No Porto Intermodal de Pederneiras, no interior de São Paulo, o trabalho tem sido de manutenção das embarcações, que estão paradas há três meses. Esteiras e armazéns também já não têm mais uso. Na maior transportadora do local, mais de 700 funcionários foram demitidos, entre eles Lázaro de Assis, que mudou com a família para trabalhar no local e sempre atuou nesse ramo. Ele ainda não sabe o que fazer.
– Hoje eu vejo esse lugar aqui, olhando assim é um deserto, né. Por que o tanto de pessoas que eram empregadas aqui era muito grande, trabalhava-se dia e noite. Hoje tá tudo parado. Faz uma semana que eu tô desempregado, não tomei nenhuma decisão ainda, espero que volte a navegação e eu tenha meu emprego de volta – diz Assis.
As embarcações traziam os produtos de Goiás até Pederneiras pela Hidrovia Tietê-Paraná. Chegando ao destino, a carga era depositada nos armazéns e, em seguida, despachada para o Porto de Santos por meio de trens e caminhões. Uma atividade que gerava empregos e era também bastante lucrativa, como aponta José Gheller, do departamento de engenharia da DNP Indústria de Navegação Ltda.
Rio em volume normal, em 2013.
– O transporte rodoviário custa de três a cinco vezes mais caro que a hidrovia nesse trecho, dependendo da época. Além disso, aumenta-se muito o número de caminhões nas estradas, aumenta a poluição. Um comboio na hidrovia transporta em torno de seis mil toneladas, o que equivale a 200 caminhões a mais na estrada por comboio.
A navegação foi interrompida em maio deste ano quando um trecho do rio, na cidade de Buritama, também no interior paulista, passou a registrar baixos níveis, impedindo a passagem das embarcações. Na época, o repórter João Henrique Bosco esteve no local e mostrou que a profundidade num dos pontos mais críticos da hidrovia, que normalmente é acima de cinco metros, estava abaixo de dois metros de profundidade.
De maio pra cá a situação ficou muito pior. Em vários pontos, a distância do fundo até a superfície já não passa de um metro. Para o diretor técnico da Regional do Baixo Tietê-Paraná, Marcos Vinícius Silva Victorino, o problema não é apenas a seca, mas a política energética do Operador Nacional do Sistema, que controla a geração de energia elétrica.

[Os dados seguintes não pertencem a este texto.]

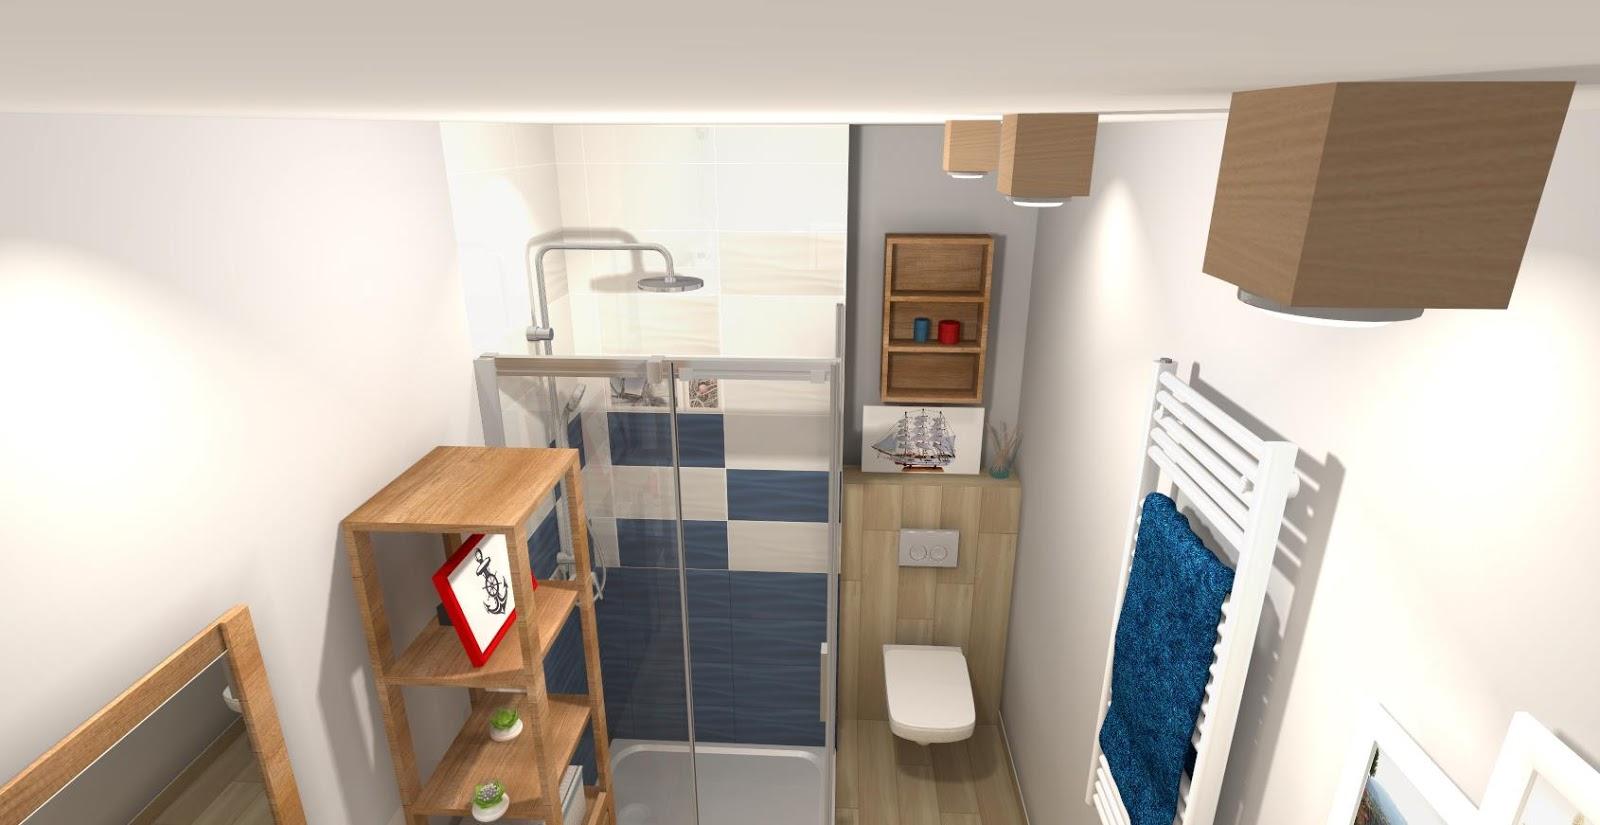 Projekt łazienki Z Leroy Marlin Zobaczcie Jakie To Proste

– A estiagem tem sido o fator principal, mas a política um tanto conservadora do ONS, no sentido de privilegiar a geração de energia em detrimento a outros usos. No caso da navegação esse tem sido, talvez, o principal responsável pela interrupção do serviço, uma vez que não se tem praticado o acúmulo de água nos reservatórios intermediários de Três Irmãos e Ilha Solteira, no meio da hidrovia Tietê-Paraná – aponta Victorino.
O desvio da água para a produção de energia tem sido discutido com o governo, mas o diretor do Departamento Hidroviário acredita que a solução mais rápida deve vir com uma obra para aprofundar o rio em dois metros numa extensão de 10 quilômetros. A intervenção seria feita com recursos dos governos estadual e federal, em uma obra avaliada em R$ 280 milhões.
Mesmo assim, Victorino diz que a obra apenas amenizaria situações críticas com a deste inverno.
– Se o ONS persistir com essa política de manter níveis tão baixos de reservatório, até mesmo essa obra não será uma solução completa. Ou seja, não interromperíamos a navegação, mas a faríamos com restrição também. A gente entende que até o final de agosto o licenciamento ambiental esteja resolvido e que já no segundo semestre deste ano a obra seja licitada.
Com armazéns vazios e trens parados, o prejuízo da principal transportadora de Pederneiras deve chegar a R$ 60 milhões, caso o problema se araste até o final do ano. Para as empresas, a lei não está sendo respeitada.
– Existe uma lei de uso múltiplo das águas que estabelece que seja mantido nesta hidrovia dois metros e meio de calado para as embarcações navegarem e essa lei tem sido desrespeitada – completa José Gheller.